EXERCISE GOAL
Please print exactly the lines below, from the start of the material up to and including the line with "Hill’s Science Diet", but none of the pictures.

(SOURCE DATA begins)

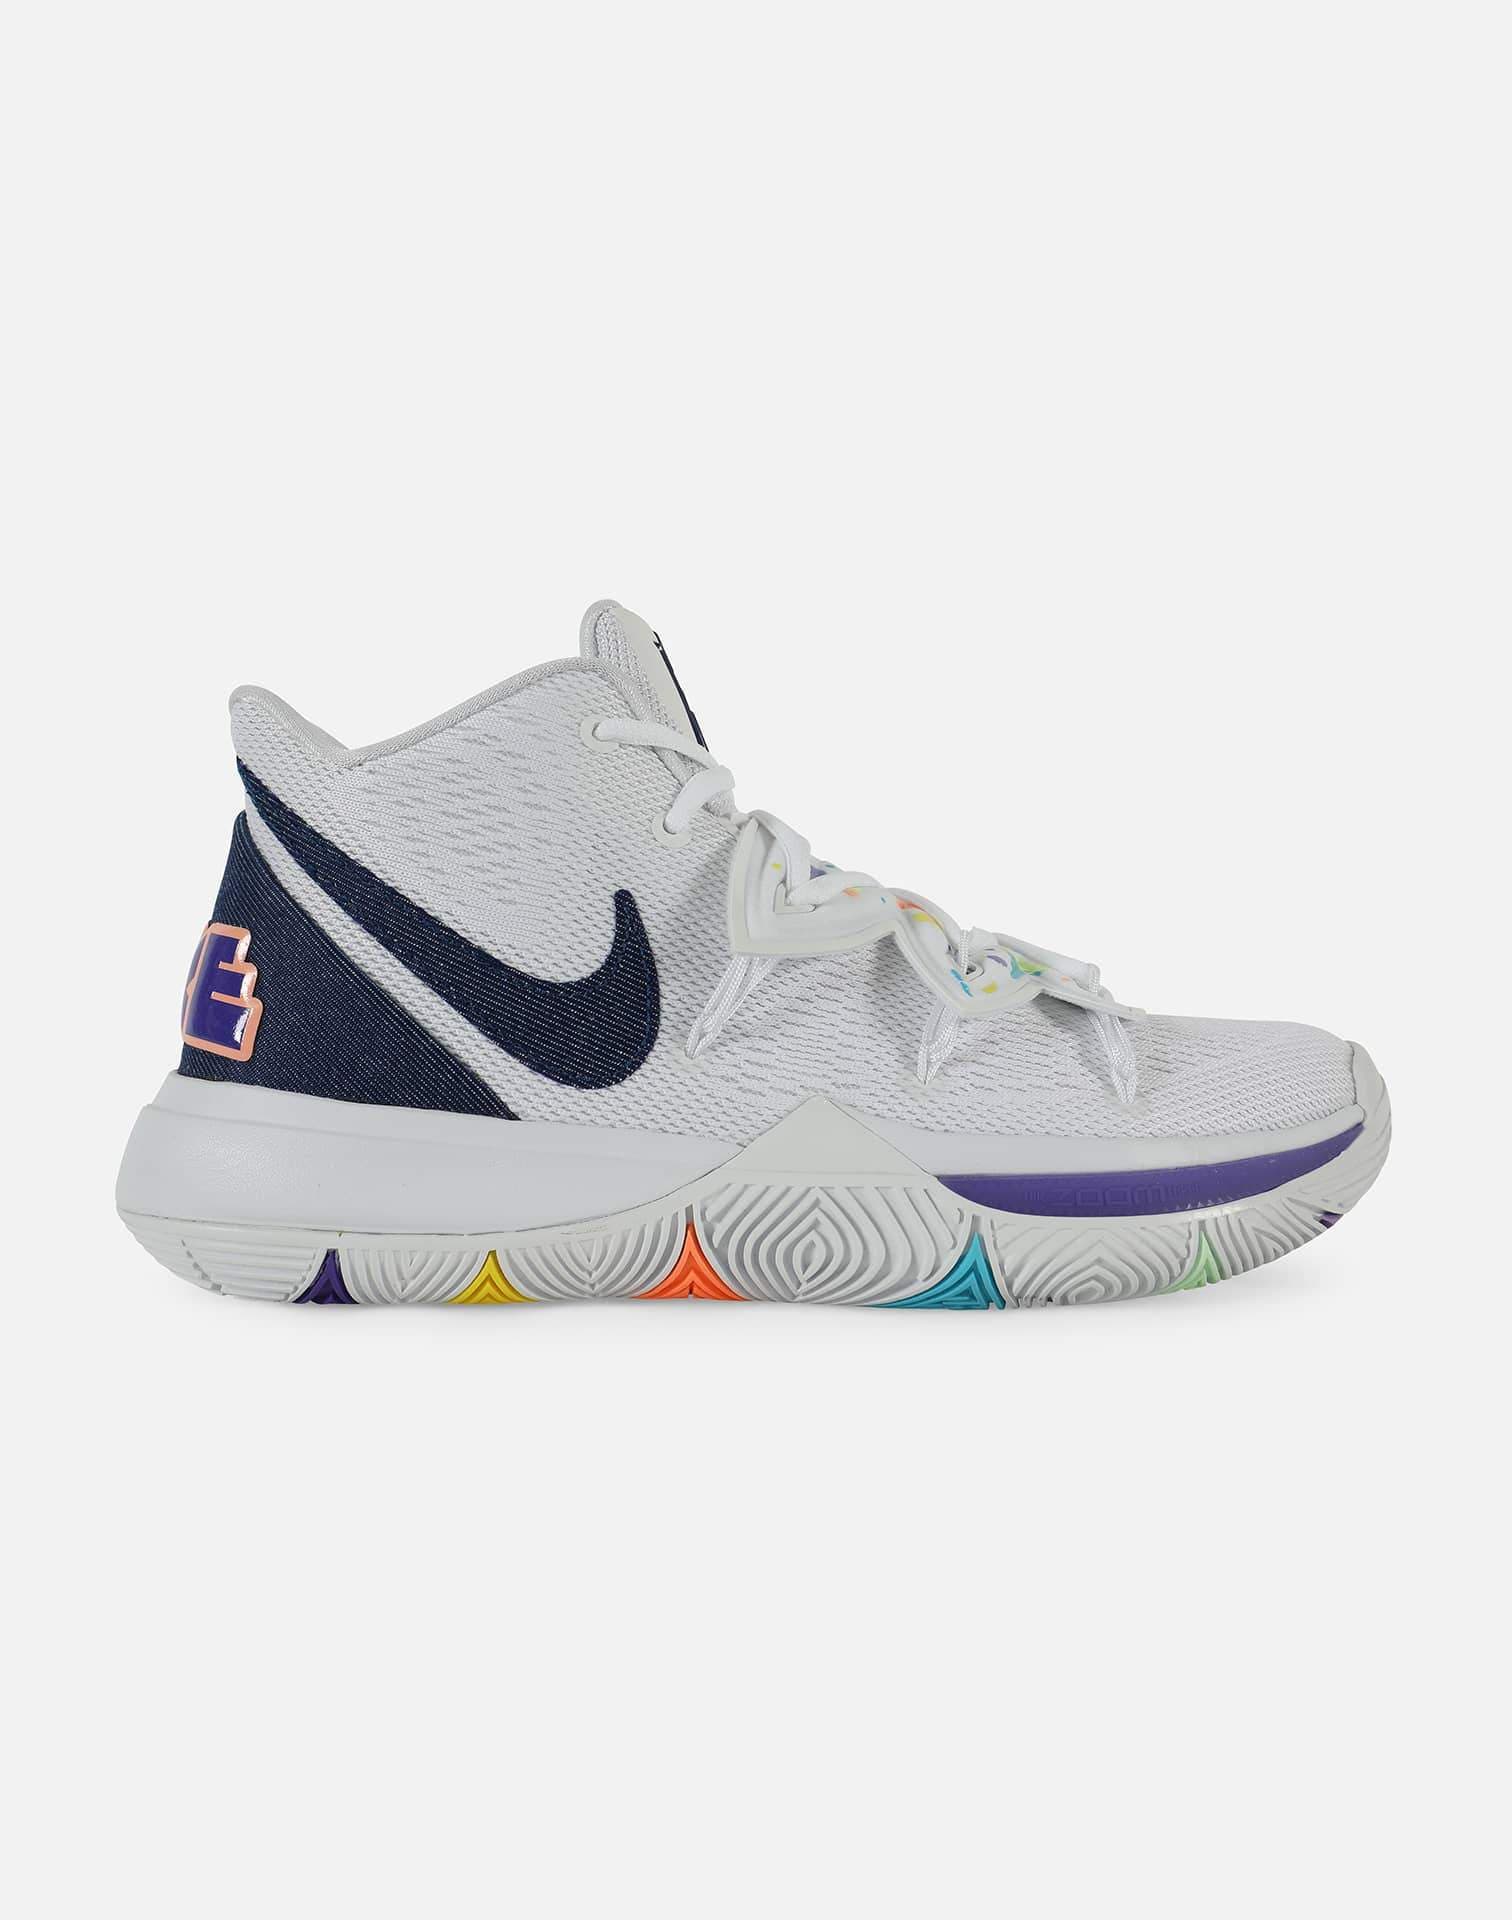 Nike Kyrie 5 Have A Nike Day Release Info SneakerNews
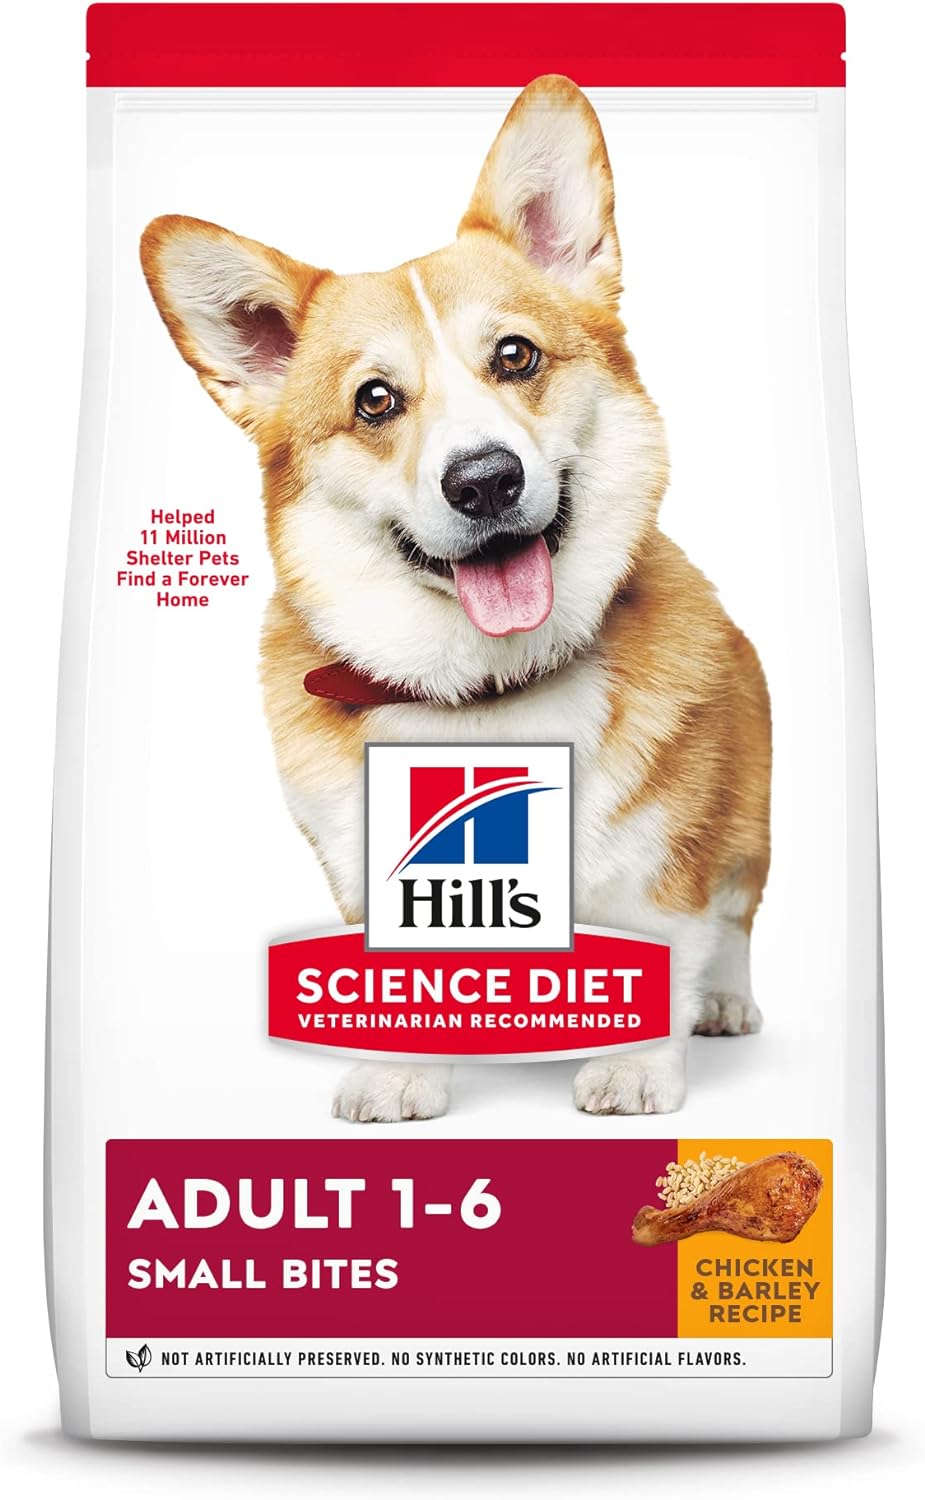 Hill’s Science Diet Adult 1-6 Small Bites Chicken & Barley Recipe Dry Dog Food – Gallery Image 1
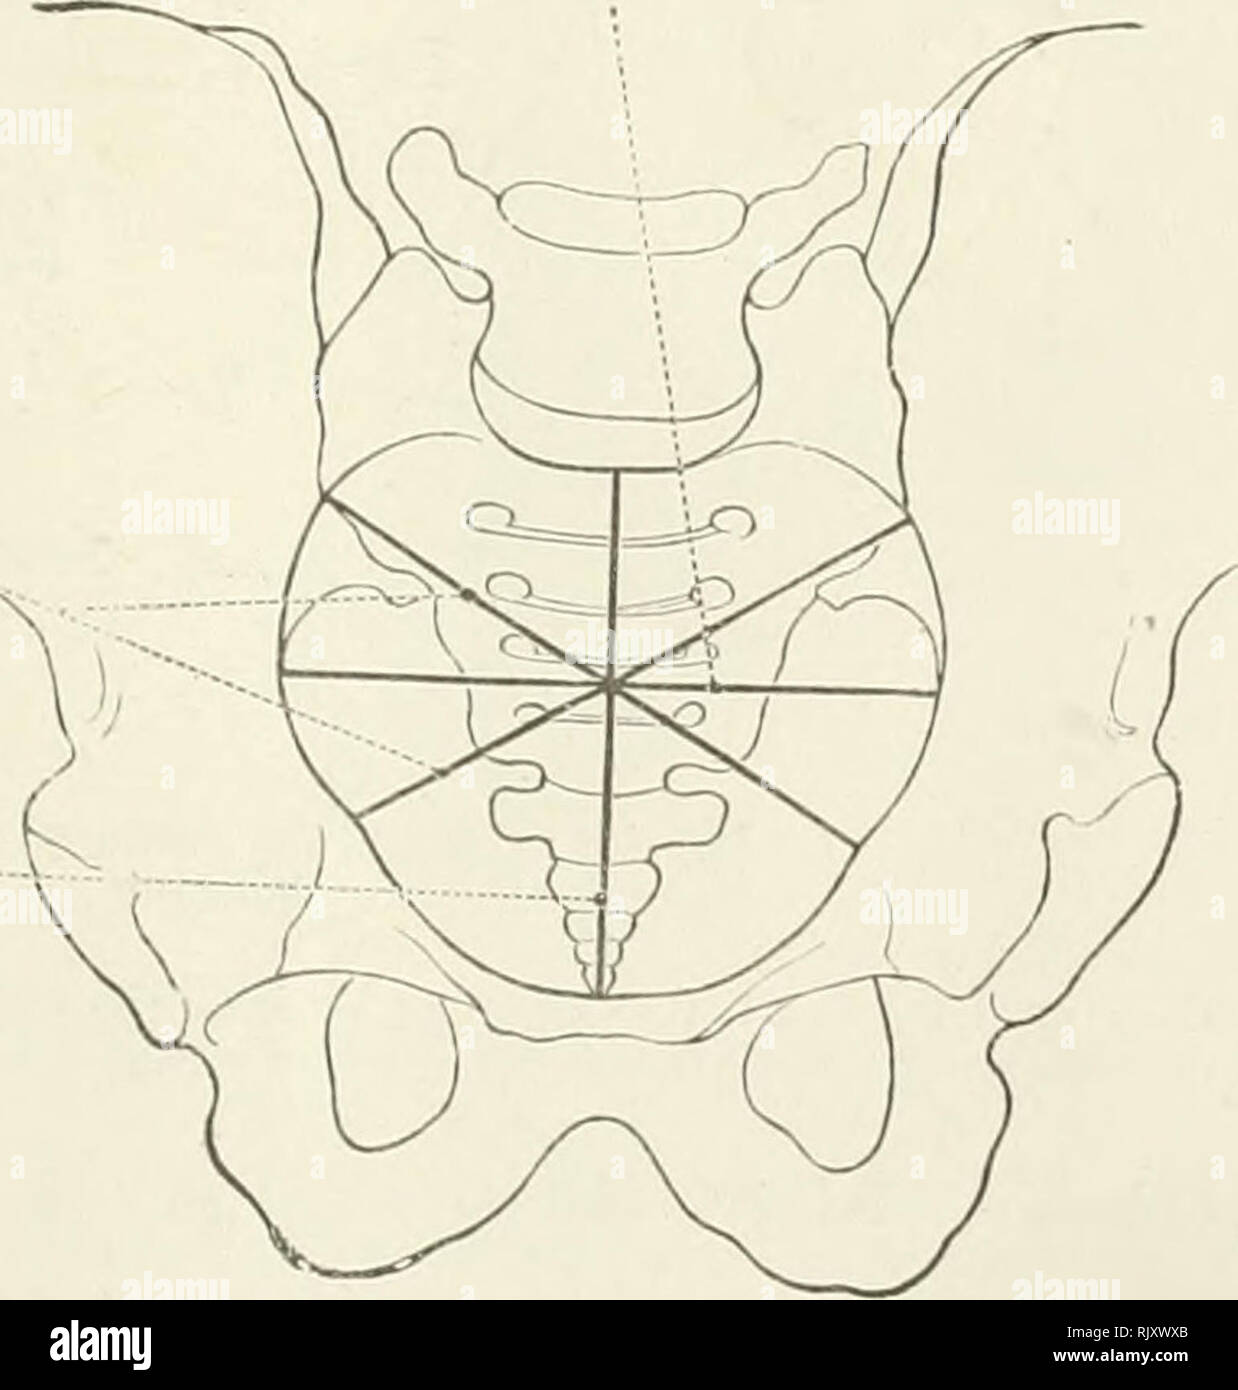 . An atlas of human anatomy for students and physicians. Anatomy. — Median-sagittal or antero-postenor diameter of the pelvic cavity Axis of the pelvic canal Axis pelvis Median-sagittal or antero-posterior diameter of the pelvic outlet Horizontal plane Fig. 309.—The Median-Sagittal or Anteroposterior Diameters of the True Pelvis. Transverse diameter Diameter transversa Oblique diameter Diameter obliqua'&quot;&quot;. Antero-posterior diameter, or (T true conjugate - J Conjugata (vera). Fig. 310.—The Diameters of the Pelvic Inlet (Apertura Pelvis Superior). The Principal Diameters of the True  Stock Photo

(SOURCE DATA ends)

WRITTEN REPLY
 Nike Kyrie 5 Have A Nike Day Release Info SneakerNews
 Hill’s Science Diet Adult 1-6 Small Bites Chicken & Barley Recipe Dry Dog Food – Gallery Image 1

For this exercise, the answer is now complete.